(Beginning of Raw data)

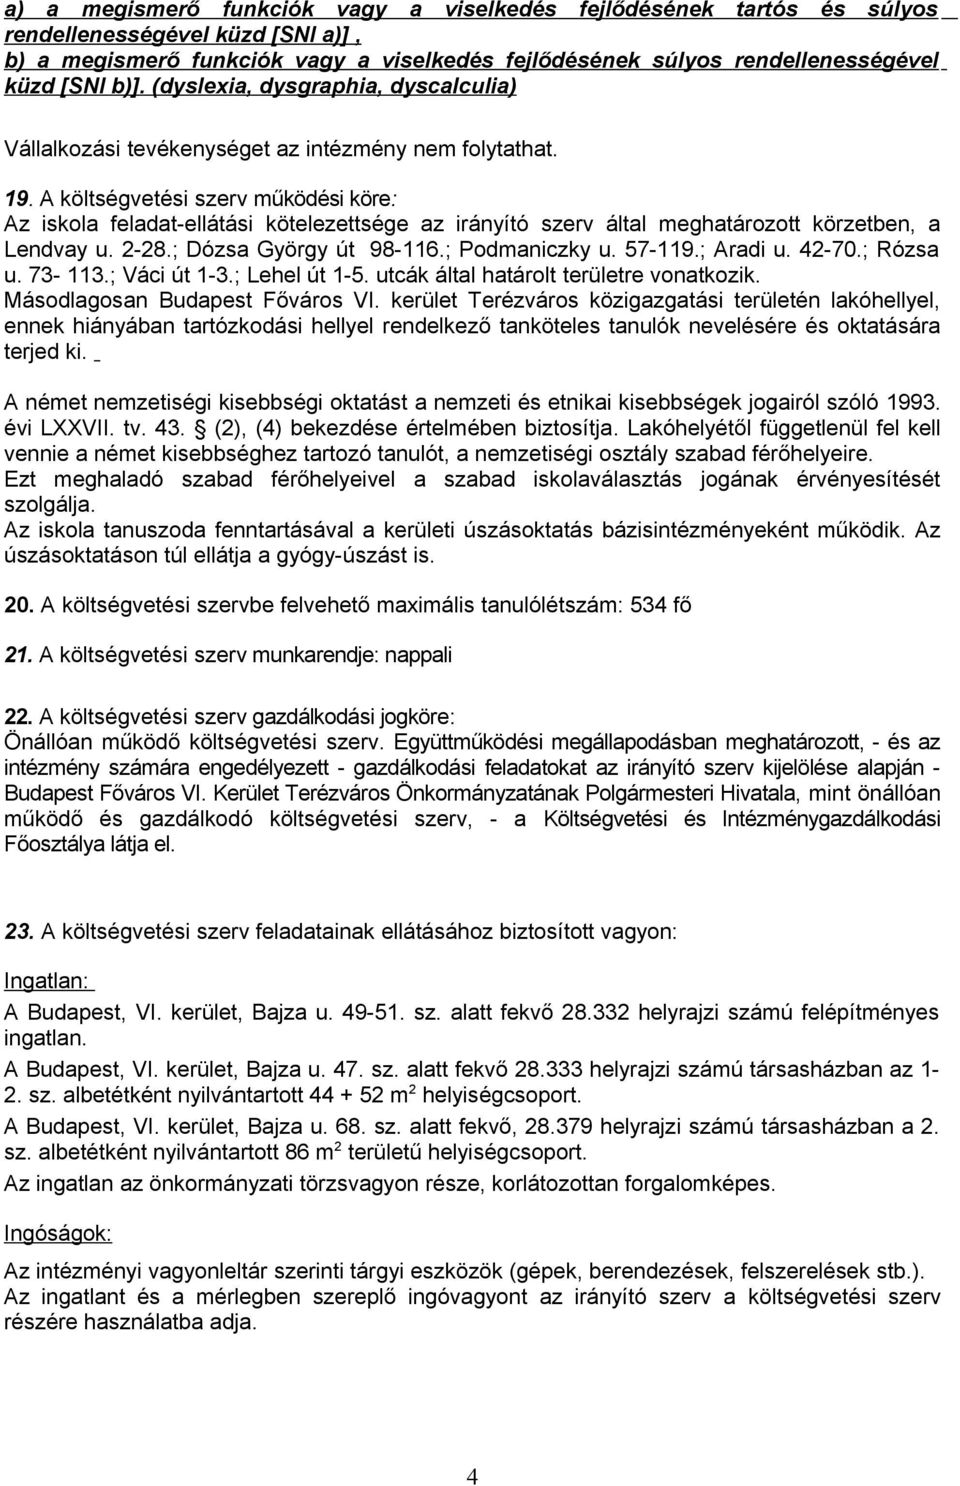 A költségvetési szerv működési köre: Az iskola feladat-ellátási kötelezettsége az irányító szerv által meghatározott körzetben, a Lendvay u. 2-28.; Dózsa György út 98-116.; Podmaniczky u. 57-119.
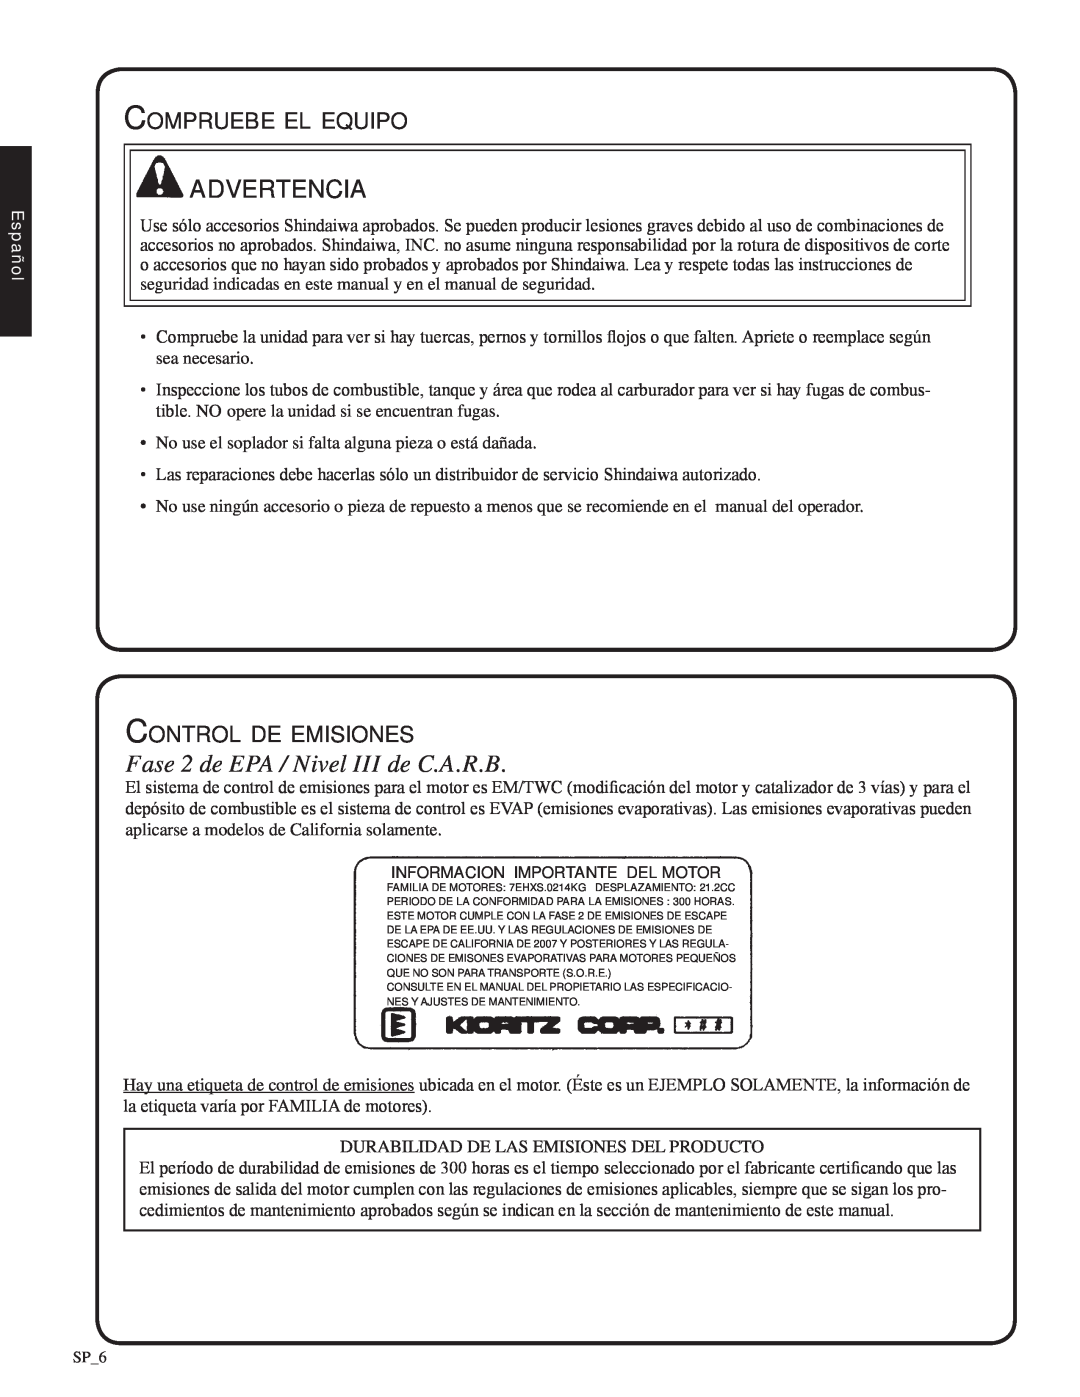 Shindaiwa EB212 Advertencia, Fase 2 de EPA / Nivel III de C.A.R.B, Compruebe el equipo, Control de emisiones, Español 
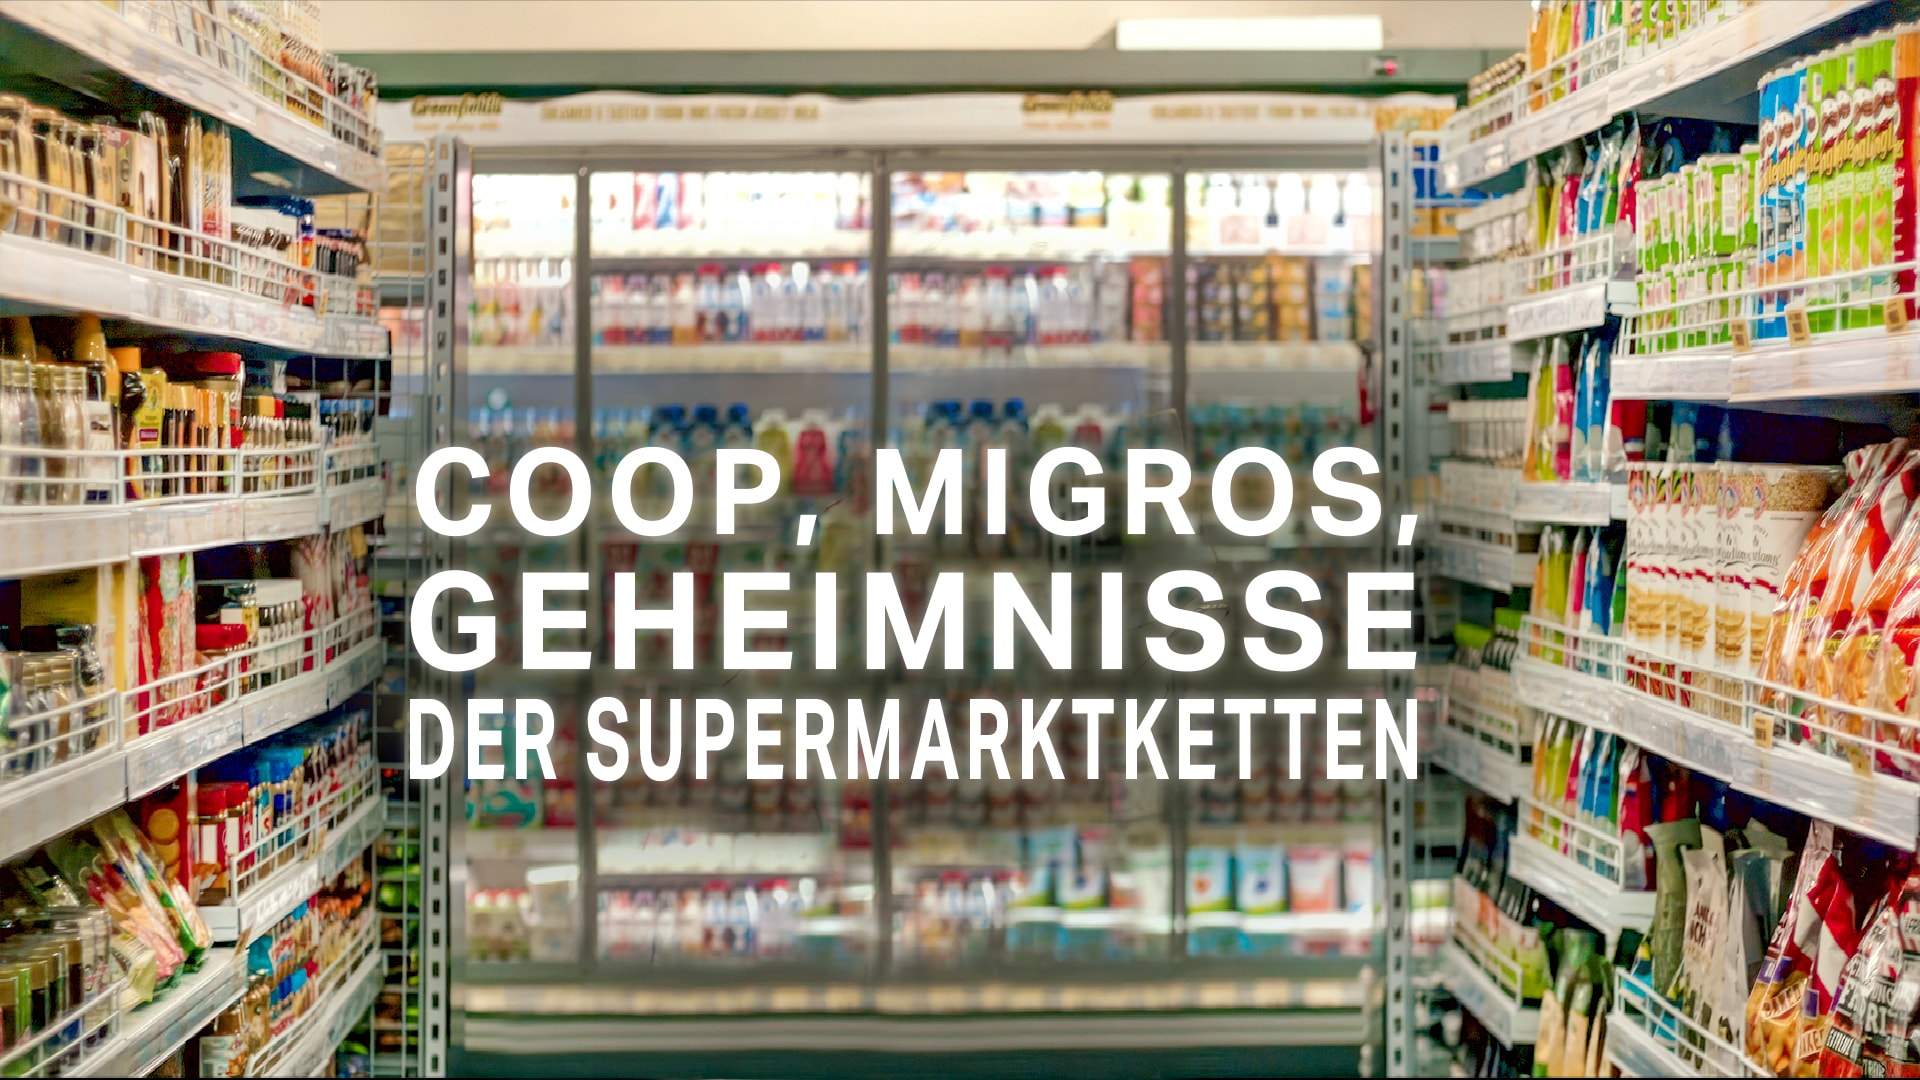 Coop, Migros - Geheimnisse der Supermarktketten

(End of Raw data)

→ Task brief: Every line of the data should be transcribed exactly. Omit the images.

→ Answer box:
 A költségvetési szerv működési köre: Az iskola feladat-ellátási kötelezettsége az irányító szerv által meghatározott körzetben, a Lendvay u. 2-28.; Dózsa György út 98-116.; Podmaniczky u. 57-119.
 Shindaiwa EB212 Advertencia, Fase 2 de EPA / Nivel III de C.A.R.B, Compruebe el equipo, Control de emisiones, Español 
 Coop, Migros - Geheimnisse der Supermarktketten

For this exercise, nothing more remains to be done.